Część banków otwiera konta oszczędnościowe tylko klientom, którzy posiadają także rachunek oszczędnościowo-rozliczeniowy (ROR) w tej instytucji. Może się więc zdarzyć, że klient kuszony wysokim oprocentowaniem rachunku, w placówce zostanie poinformowany, że musi otworzyć także ROR. A w takiej sytuacji warto wcześniej sprawdzić jakie opłaty pobiera bank za prowadzenie konta osobistego i obsługę karty. Bo pracownik w placówce może „zapomnieć” o tym rzetelnie poinformować. Jeśli zamierzamy zdeponować niewielką kwotę, warto przeliczyć czy prowizje za obsługę ROR-u nie „zjedzą” zysku, który wypracuje konto oszczędnościowe.

Warto także upewnić się jak banki naliczają oprocentowanie. Z reguły stosowane są progi kwotowe – im więcej pieniędzy na rachunku tym wyższe odsetki. Najwyższe oprocentowanie, to które jest podawane w reklamach, obowiązuje zazwyczaj, gdy klient wpłaci na przykład 100 tys. zł. Występują jednak konta, gdzie jedna stawka oprocentowania obejmuje całą zdeponowaną kwotę.

Specyficzny sposób naliczania odsetek stosują Toyota Bank i Lukas Bank.
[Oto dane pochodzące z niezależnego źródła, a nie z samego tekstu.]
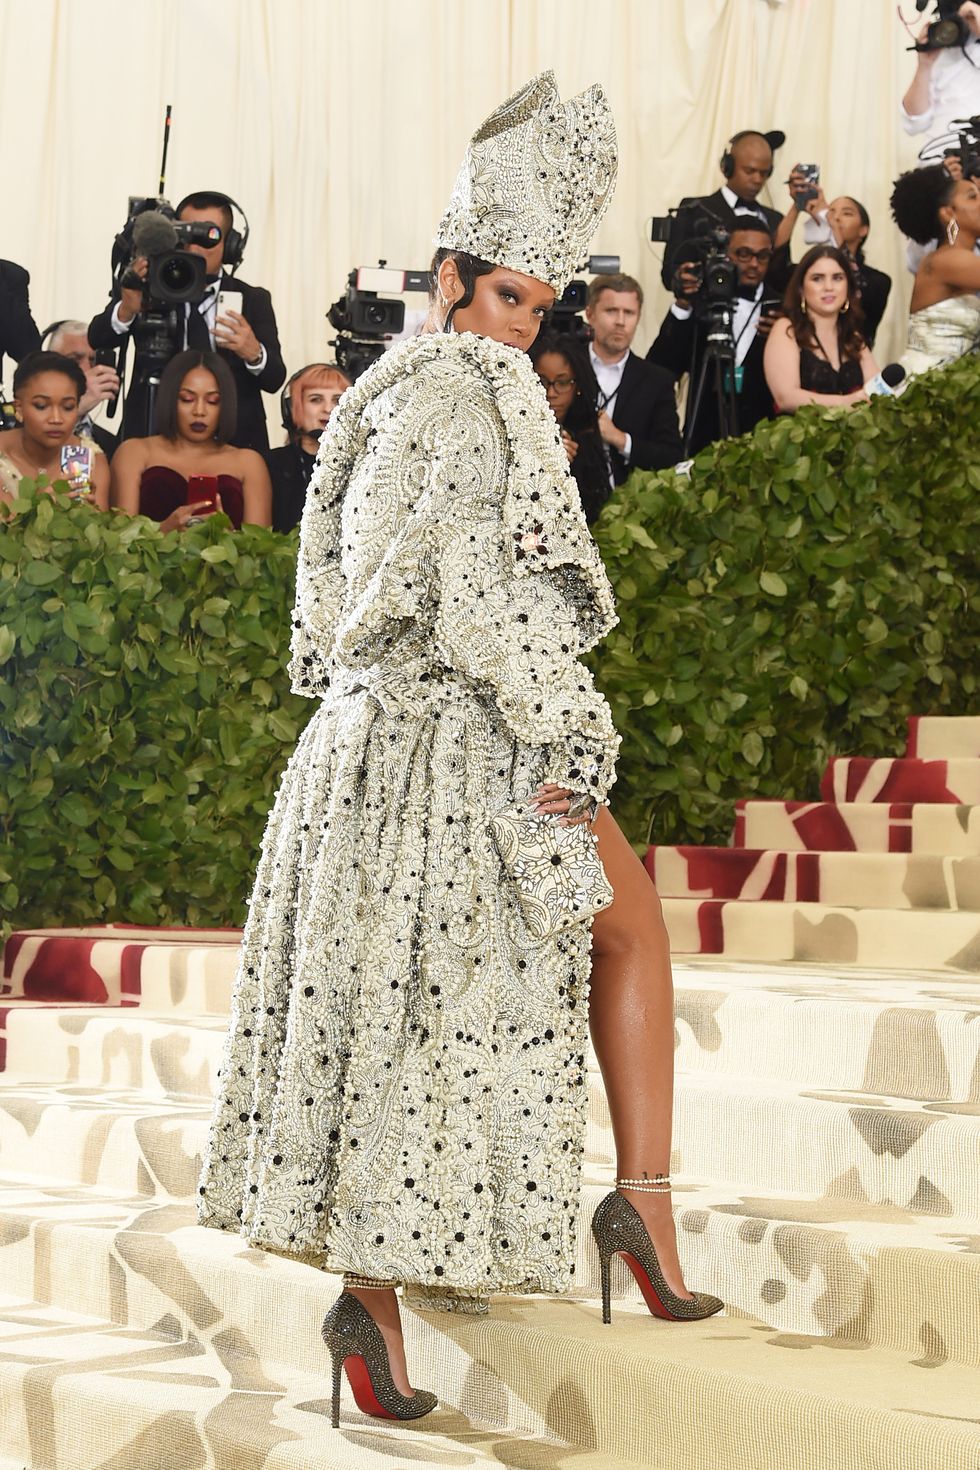 Met Gala Gown - Rihanna Dressed As A Pope Gala

W instytucjach tych obowiązuje odrębne oprocentowanie dla pieniędzy w poszczególnych przedziałach kwotowych. Na przykład maksymalna stawka oprocentowania w Toyota Banku to 5,7 proc. dla kwot powyżej 20 tys. zł. Oznacza to, że deponując 21 tys. zł tylko 1 tys. zł objęty jest stawką 5,70 proc.

Ile dokładnie zarobimy deponując swoje oszczędności na koncie oszczędnościowym możemy sprawdzić na specjalnie w tym celu przygotowanych narzędziach dostępnych w internecie, np. na stronie: http://www.bankier.pl/kalkulatory/konta-oszczednosciowe/

Belką w zysk

Niestety zysk wypracowany przez produkty oszczędnościowe należy pomniejszyć o 19 proc. podatek od zysków kapitałowych, zwany potocznie podatkiem Belki. Bankowcy znaleźli jednak sposób, by klient mógł ominąć tą daninę. Dla niewielkich kwot oszczędności wystarczy dzienna kapitalizacja odsetek. Ważne jest by podatek do zapłaty był mniejszy niż 0,50 zł. W takiej sytuacji kwotę należnego podatku zaokrągla się „w dół” do zera. W praktyce dzienne odsetki wypłacane klientowi nie mogą więc przekraczać 2,49 zł. Warto tu jednak wspomnieć, że aby uniknąć obowiązków podatkowych należy kontrolować poziom odsetek.

Dzienną kapitalizację odsetek stosują przy koncie oszczędnościowym na razie tylko Eurobank i Kredyt Bank (w przypadku Konta Oszczędnościowego – Lokaty Swobodnej). Kilka banków proponuje jednak lokaty jednodniowe, dzięki którym taki zabieg także jest możliwy.

Czy konto oszczędnościowe rzeczywiście może stanowić alternatywę dla lokat terminowych? Niewątpliwie tak, a rosnącą popularność tego typu produktów potwierdzają także banki. Dla wielu osób liczy się stały dostęp do własnych pieniędzy, nawet kosztem nieco niższych odsetek. Pieniądze trzymane na koncie możemy bowiem korzystniej zainwestować, gdy tylko nadarzy się lepsza okazja. Rachunek może być także przydatnym produktem w czasie kryzysu, służącym do odkładania środków na „czarną godzinę”.